Ya se han visto investigaciones sobre sospechas de fraude y corrupción en muchos de los estados de Brasil, incluso en Río de Janeiro, donde el gobernador enfrenta actualmente un juicio político. Recientemente encarcelaron al ministro de Salud en Bolivia por cargos relacionados con la corrupción.

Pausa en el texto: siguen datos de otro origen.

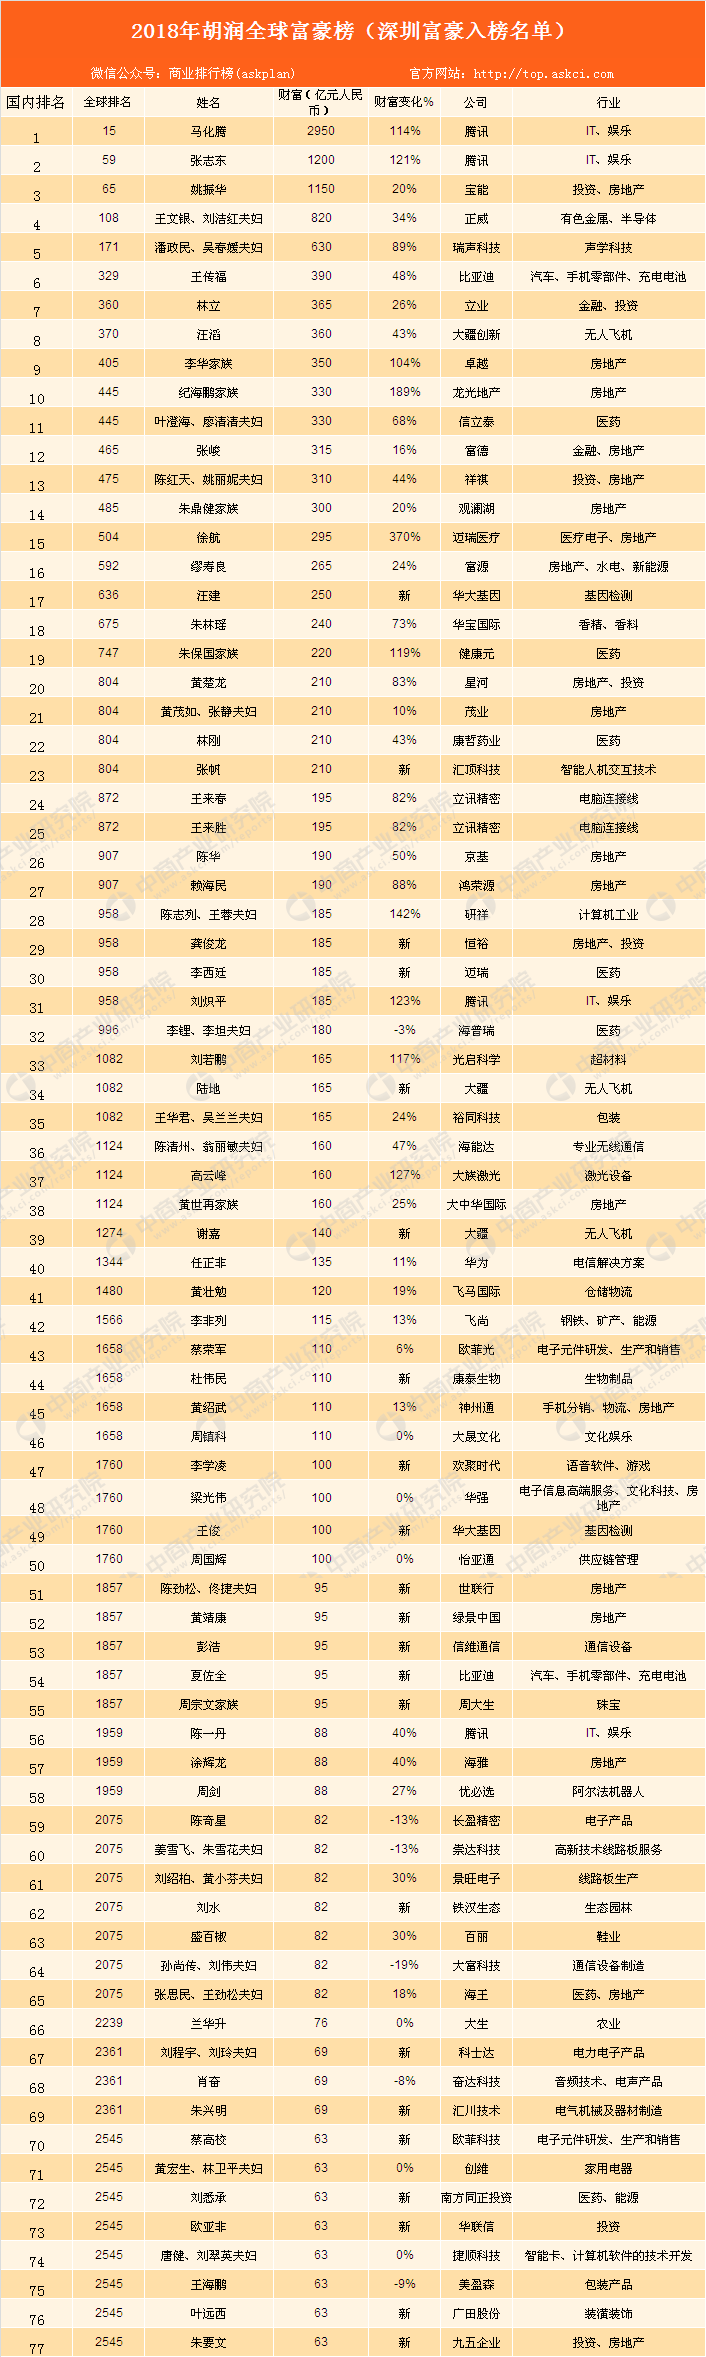 全球富豪深圳有77位 全国城市第二

Y en Colombia hay miles de millones de pesos que están comprometidos en presuntas irregularidades en contratos hechos en medio de la crisis del covid-19: esta semana se conoció que en la Fiscalía se han abierto 177 indagaciones por hechos de corrupción en los 32 departamentos.

El fraude y la corrupción han florecido después de las crisis humanitarias en la región, desde el huracán Mitch en América Central en 1998 hasta el terremoto de 2010 en Haití

Hay una gran razón por la cual este ha sido el caso: las emergencias sanitarias y los desastres naturales generalmente requieren una reducción de los controles y un aumento de la discreción de los responsables políticos para agilizar las decisiones de gasto.

Por ejemplo, un estudio reciente del Banco Mundial muestra cómo la ayuda extranjera puede terminar en las cuentas bancarias personales de los funcionarios del Gobierno en paraísos fiscales.

La corrupción y el fraude supuestamente consumieron una parte de los $ 13.500 millones donados o prestados a países afectados por el tsunami del océano Índico de 2004. La Oficina de Responsabilidad del Gobierno de los Estados Unidos (GAO) estimó que hasta el 16 por ciento de la ayuda gastada después del huracán Katrina se perdió en actividades inapropiadas. Y The Washington Post informó recientemente de graves acusaciones de corrupción relacionadas con el programa de reconstrucción de Puerto Rico.

Esto debería hacer sonar las alarmas en América Latina a medida que los gobiernos dan forma a su respuesta al coronavirus. El fraude y la corrupción han florecido después de las crisis humanitarias en la región, desde el huracán Mitch en América Central en 1998 hasta el terremoto de 2010 en Haití, y la respuesta al Niño en los Andes en 2017, destaca el artículo de Americas.

Sin duda, la crisis del covid-19 seguirá planteando una prueba sin precedentes para todos los países latinoamericanos, y es probable que surjan más escándalos de corrupción en toda la región. Sin embargo, la pandemia también puede crear una oportunidad para enfocarse nuevamente en prácticas y políticas que realmente marcan la diferencia en la lucha contra la corrupción.

“La corrupción es un problema cultural, social y político, pero las culturas, las sociedades y la política pueden cambiar y evolucionar. La pregunta clave es cómo podemos avanzar, y la respuesta es bien conocida: a través de reformas institucionales que cambian la forma en que funcionan el gobierno, las empresas y la sociedad civi”, señala Simon, y concluye: “Si mejoramos las capacidades de los países para detectar, castigar y prevenir la corrupción, no podremos terminar con la corrupción para siempre, pero reduciremos las consecuencias económicas, políticas y de derechos humanos del problema”.